Of course there's much to celebrate, and we 're so proud of how well Rohan has done. He's developed and changed so much, in his own way. We've been supported so much by family and services, and have worked so hard ourselves. To think he used to have most of his milk via his ng tube, to now be able to manage it all orally. He's weaned onto puree food and has dabbled in a few more solid bits. He's showing us more and more he wants to interact with people and things around him, reaching and grabbing for everything. He's become so much stronger physically, and whilst he's certainly 'delayed' he is still developing and learning, and is now sitting so much more confidently.

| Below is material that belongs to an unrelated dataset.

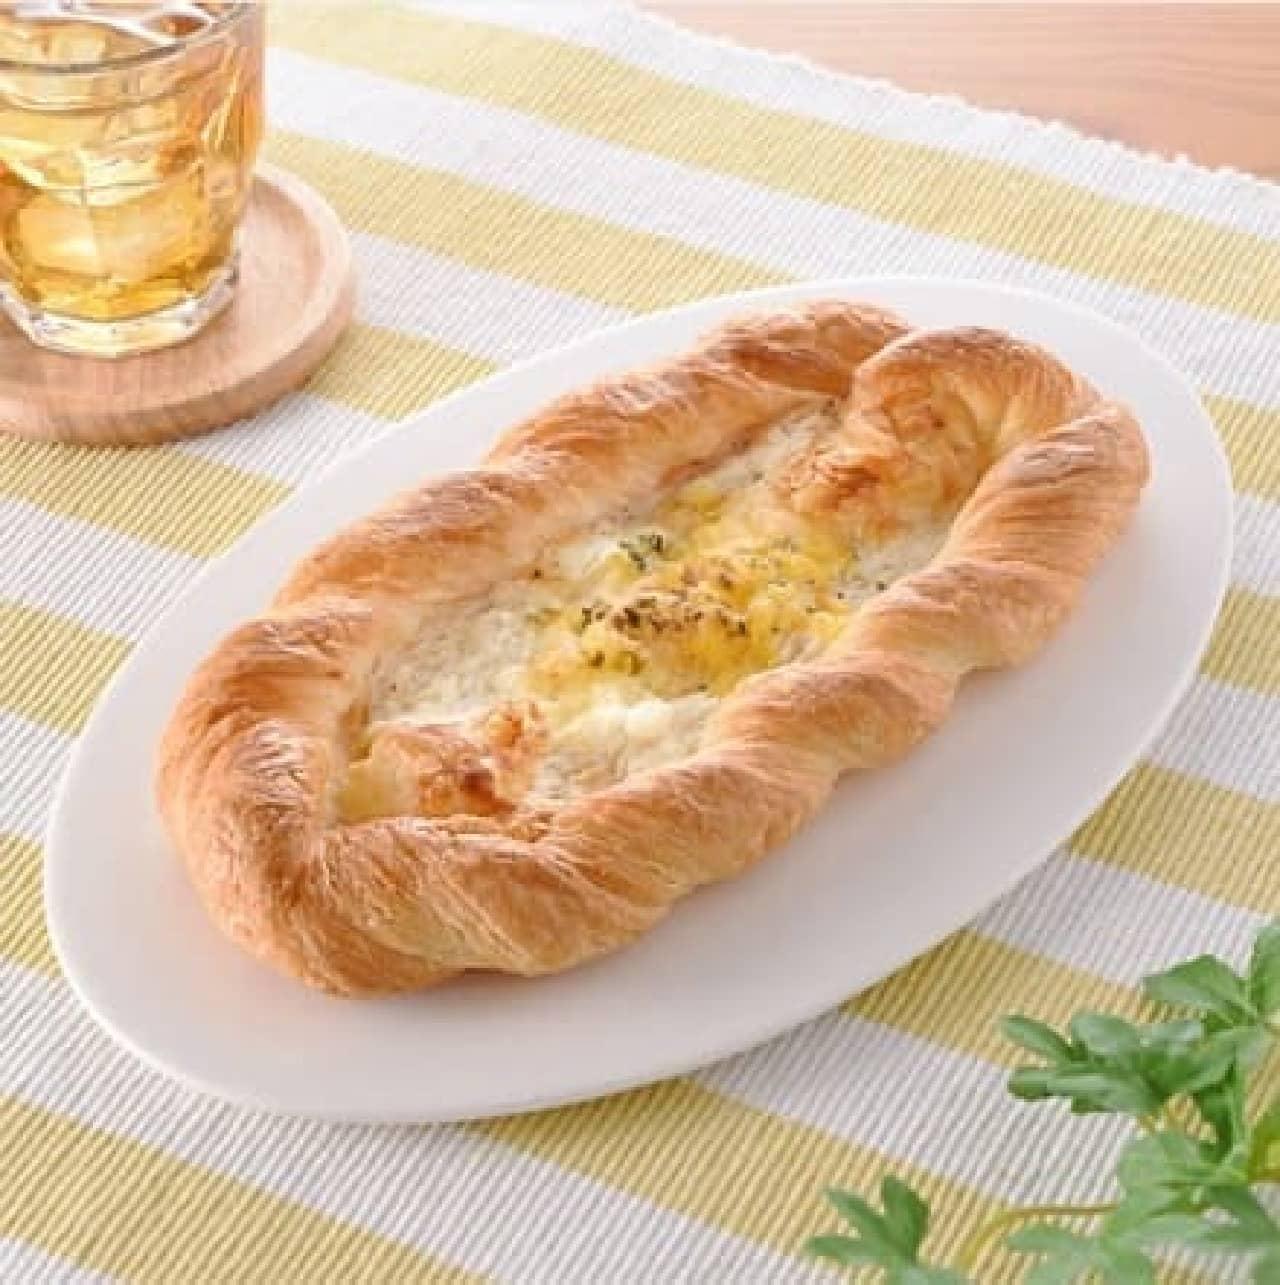 ファミリーマート「ポテトとチーズのデニッシュ」

But just more than anything his little personality shines through, he's so happy and content and very much loves to laugh. Dancing, singing and tickling make him giggle his funny little laugh and he can't take his eyes off his brother. For it is he who he adores the most. He loves to reach out and touch your face and draw your face in close to his, for what I like to think is a kiss, but is more of an open mouth slobber. He likes to shout, gurgle and coo and hates to be alone, if you leave the room you can hear angry little shouts of attention seeking coming from his high chair. His feet are one of his favourites still, and he likes to impress by eating them and holding his legs straight up. He has just started to shake his head and often it's definitely in context to him not wanting something, and it's just about the sweetest thing. He loves to hold and play with the basket the holds most of his toys, and puts it on and off his head. I love it.
I can't imagine our family without him, however long he's actually been here at home with us. I know however hard it has been, and may be in the future, we have been given a gift. Rohan, we love you more than you can imagine.